一つ一つの数字が、その後のマーケットの大きな動きを予測する上で重要だ。例えば今だと米国の卸売・消費者物価が高めに出たら、「米連邦準備理事会(FRB)の引き締め姿勢は相当長く続く」と予想できるし、マーケットはその方向で反応する。そしてその反応が自分の予想より強烈か、弱いかも判断できる。なので、今起きている事、次に起きることに関する「考え方の土台作り」は非常に重要だ。

多分瞬時瞬時に動く人、その日その日に取引を完結する人は、予想されたこと(数字や講演)に対する相場のリアクション具合の中で、鞘(さや)を取る作業をしているのだろう。「これは明らかに過剰反応」と思われる動きがポジション関係で起きるから、その逆を狙う短期ポジション造成は可能だ。勝つ確率も高いと思う。言ってみれば「hit and run」(runは逃げる的意味)だ。

私はそれをやっている時間的余裕がないので、それはやらない。私はもっとマーケットの大きなうねり、経済の変化の中での企業の盛衰を見たいタイプなので、やれば面白いと思うが、ほぼやらない。私は一般的な表現だと「長期投資家」だ。

長く見る……

どのくらい基本的に長期投資家か。例えば国や民族に強い興味があり、NHKの番組の関係もあって何度も行ったインド。2000年前後かな。あまりに興味があったので日本で「インド投信」(最初興味を持った時にはなかった)が出たときに少し買った。しかし買ったまま確か7年ほどなにもしなかった。値上がりしたとは思うが、もっているだけでインドに関する興味は高まったし、同国政府の政策に注意を払えた。

米国の投信(ハイテクなど)も一つ気に入って買ったが、それはほぼほぼ10年間何もしなかった。米国が利上げ局面に入ったので様子見にしようと思って売却し、今はそれをドル預金として残している。これからはどうか知らないが、その時の担当者が「なにもしない人が一番勝つんですよね」と。迷惑な客だったと思う(笑)。
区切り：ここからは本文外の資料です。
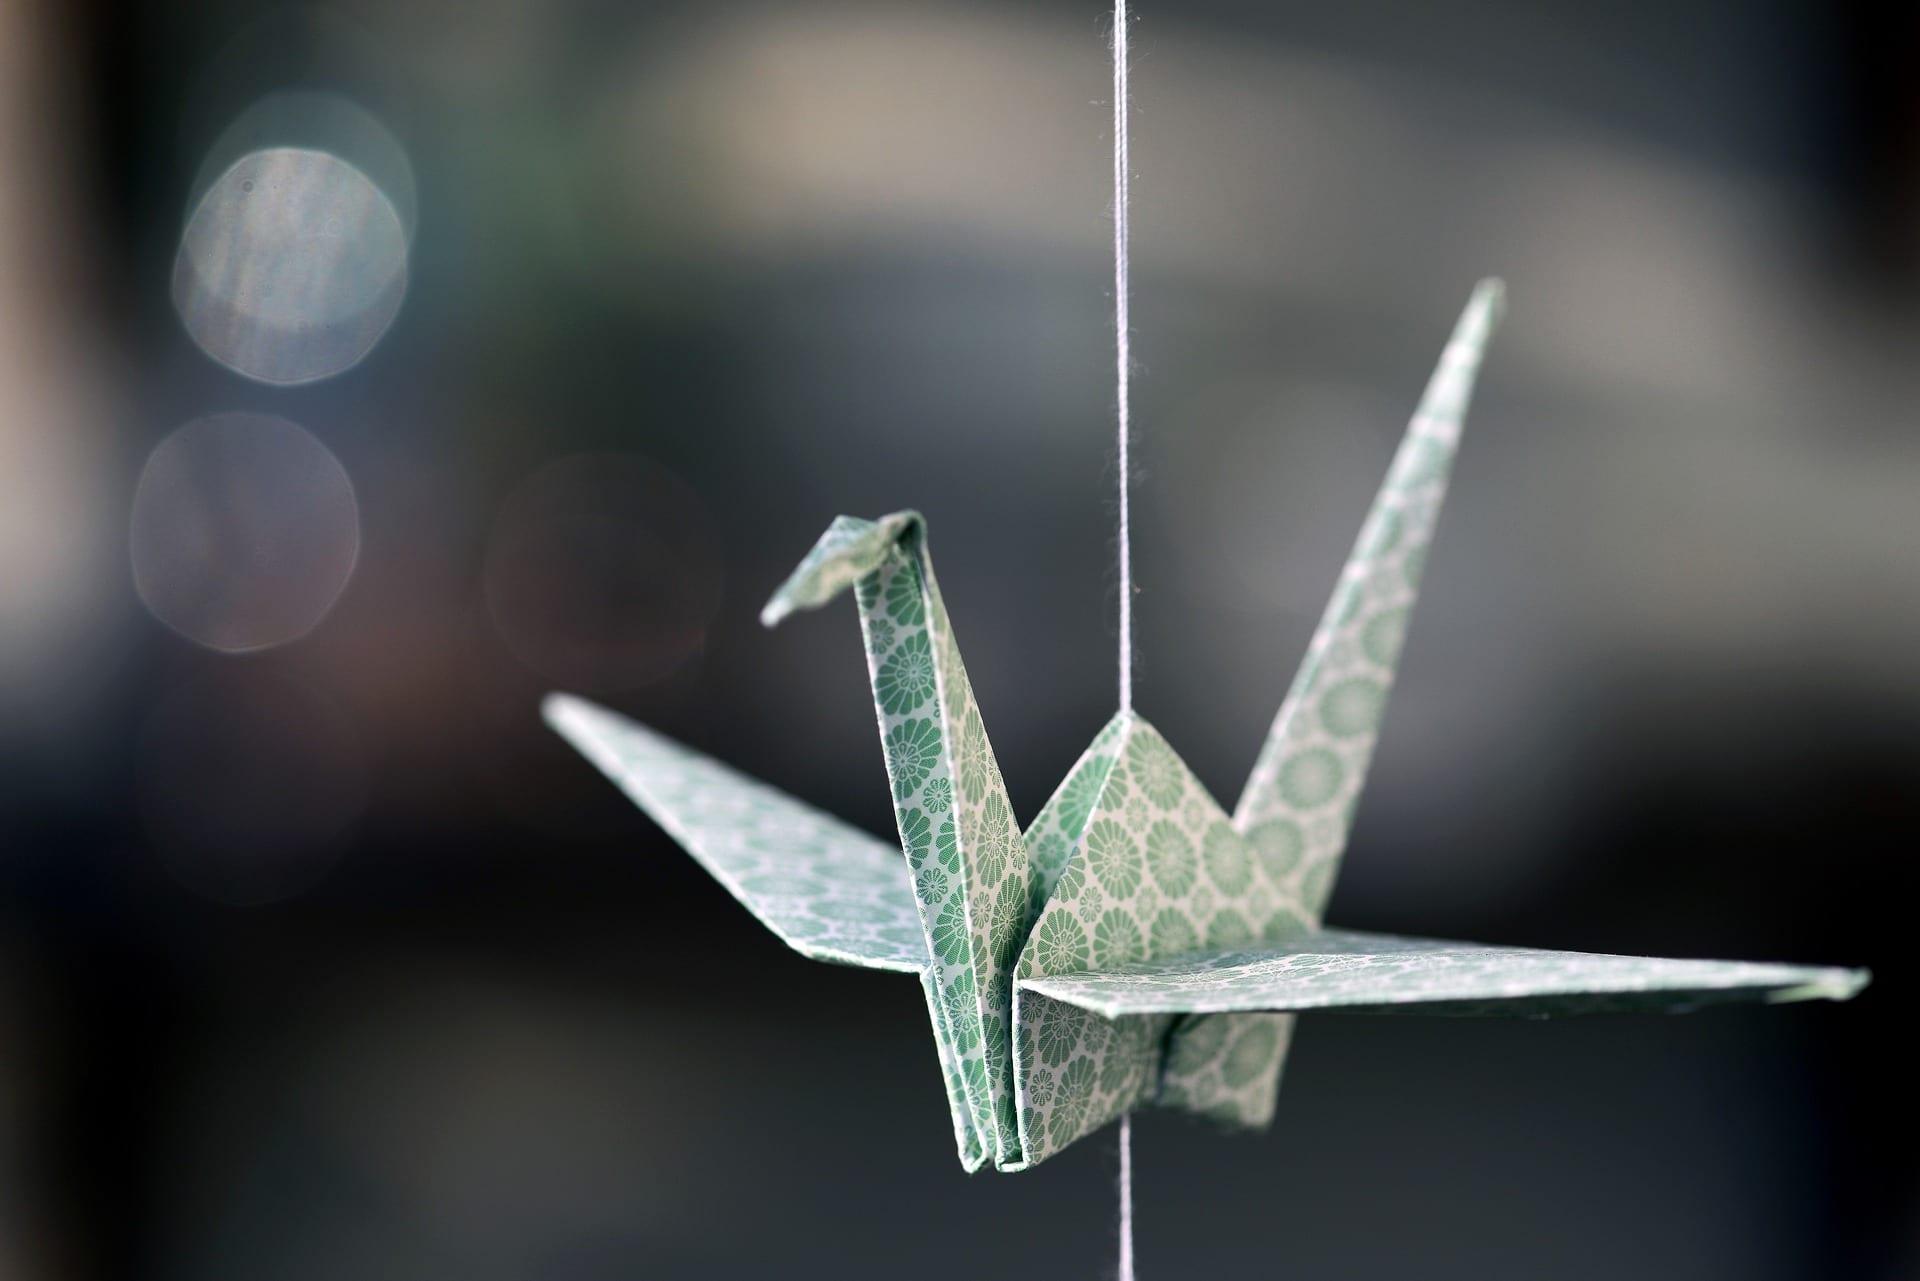 Gli origami entrano nel futuro dei viaggi nello spazio

つまり私にとって一つ一つの数字(雇用や物価など)や、パウエルFRB議長の講演、FOMC(米国連邦公開市場委員会)の声明と付属資料は、その時どうするかというよりは「時代の大きな流れ」を読むきっかけ。時代の流れの変化も、たった一つの事を端緒とするケースが多い。それを見逃すのはあまりにも残念だ。

新型コロナウイルスの世界的波及で凄く伸びたNetflixの株価。契約者の数が伸びたから当然だ。しかしコロナが世界的収束に向かったから、同社の株価は大きく下げた。それが何を意味するか考える。しかしその会社が日本でJRと共同して「黒い山手線」(期間限定)を走らせている。それは何を意味するのか、また考える。一つ一つの事象と情報に意味がある。そう考えている。

ご注意:本コラムは、上記掲載日から2週間程度前に伊藤洋一氏が執筆されたものです。
閲覧される時期によっては、現状に即さないことも予想されます。また、内容には仮定に基づいた記述も含まれます。ご了承ください。